9 may 2014

Adiós, Lautrec

Hoy he leído en mi muro de Facebook (en el perfil del Soundkilla) que ha cerrado (o cierra) el Lautrec. No me coge por sorpresa, como a ninguno de los que vivimos en esta ciudad veleta, marcada por el compás de los vientos cambiantes de la city, sea esta Madrid, Londres o Carcelona. Hace ya tiempo que dejé de frecuentarlo, al igual que el resto de bares de la zona, y no sin cierto alivio por no tener que aguantar ya más a los especímenes que la habitaban, con su falta respeto por todo aquello que no signifique "hombre", "macho", "depor" o "follar". Y me refiero al género masculino pues también responden al mismo las que portan vaginas y tetas pero comparten tan honrosos principios.
Recuerdo que las últimas veces que pisé el Lautrec (al final del verano de 2012) ya no había sorpresas en el ambiente. Todo permanecía igual, y entiéndase por igual el estado en el que permanecen las cosas que no se cuidan, que simplemente se desgastan con el paso del tiempo. Incluso la música, su eterno atractivo, dejaba ya de sonar fresca y ambiciosa, con algunos guiños al mal gusto y a lo rancio. Sí, el Lautrec era rancio.
Quién sabe cuánto de rancio tenía el Lautrec o mi yo anterior, que tan buenos ratos había disfrutado entre aquellas paredes enfundadas de carteles de películas, subido a aquella tarima ridícula con todos los amigos que jugábamos a navegar por el cosmos de la mano de las sustancias más originales que podíamos conseguir.
El Lautrec me enseñó muchas cosas. Algunas buenas, otras no tanto. Dj Kicks, Ricardo Queso, Shantel, Caravan Palace están entre las mejores, aunque algunos insistimos una y otra vez en que "en el bar de Toñito sonaban antes". Otras, como mi amigo Borja meando en la barra del bar y automáticamente expulsado por el Solete, como aquella noche que decidí cansarme del amor y besar a la primera que se dejó, como los arrebatos de furia de Juanillo (o de su novia, eso nunca lo sabremos), como la siempre desagradable actitud del personal hacia nuestra pandilla o los miles de euros gastados en cerveza (no siempre fría) y copas insípidas, no tanto.

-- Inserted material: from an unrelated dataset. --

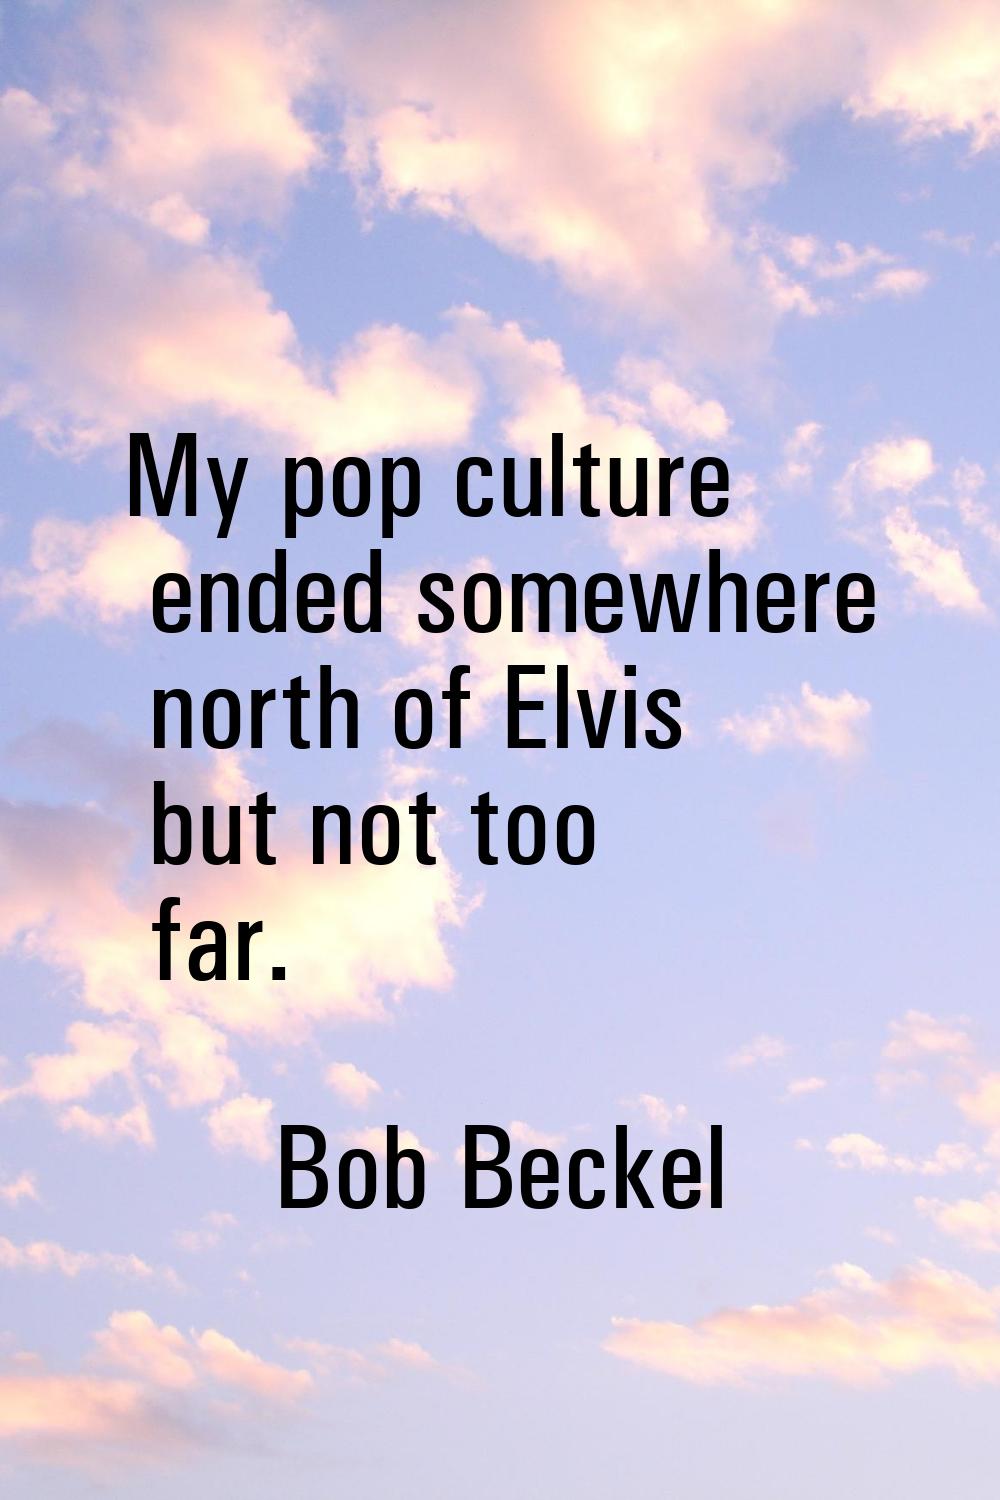 My pop culture ended somewhere north of Elvis but not too far.

Pero un día, el 24 de julio de 2012, para ser más exactos, decidí acabar con lo bueno y lo malo. Del Lautrec y de todo. Era el último día. Eso, para aquellos que lo hemos vivido, es fácil de saber. Atrás habían quedado todos los amigos, sólo había noche y cansancio. Entré en el cuarto de baño como otras muchas veces (no soy amigo de vaciar la vejiga en la calle, ni en la barra del bar...) vigilado por el pincha y por el resto del personal. Sólo. Cerré la puerta y valoré las posibilidades del lugar: objetos cortantes, sustancias venenosas... no era el sitio. Meé y salí. Pedí una cerveza. Ese día todo cambió. Realmente era el final, aunque no tanto, o más bien no del todo. Conocí a una mujer que brillaba en medio de tanto gris como si su presencia fuera extraña o circunstancial (que lo era). Bailaba. Reía. Imitaba cada uno de los movimientos de mi torpe cuerpo con una gracia incomparable. "Tu amiga es muy simpática", le dije a la chica que estaba con ella. El resto es otra historia y deberá ser contada en otro momento, como diría Michael Ende. En realidad ya la he contado en un post anterior: http://www.baixacultura.com/2012/10/el-amor-toda-velocidad.html
Ese día pasé a ser David Lautrec. Y así fue durante un buen tiempo, hasta que por fin me deshice de tan artístico apellido para ser de nuevo David a secas. Aquello me reconcilió con muchas cosas que creía perdidas. El Lautrec me salvó del propio Lautrec. Y le dije adiós, no sin cierta incongruencia, pero adiós.
Hoy nos dice adiós él. Adiós Lautrec. Buen viaje.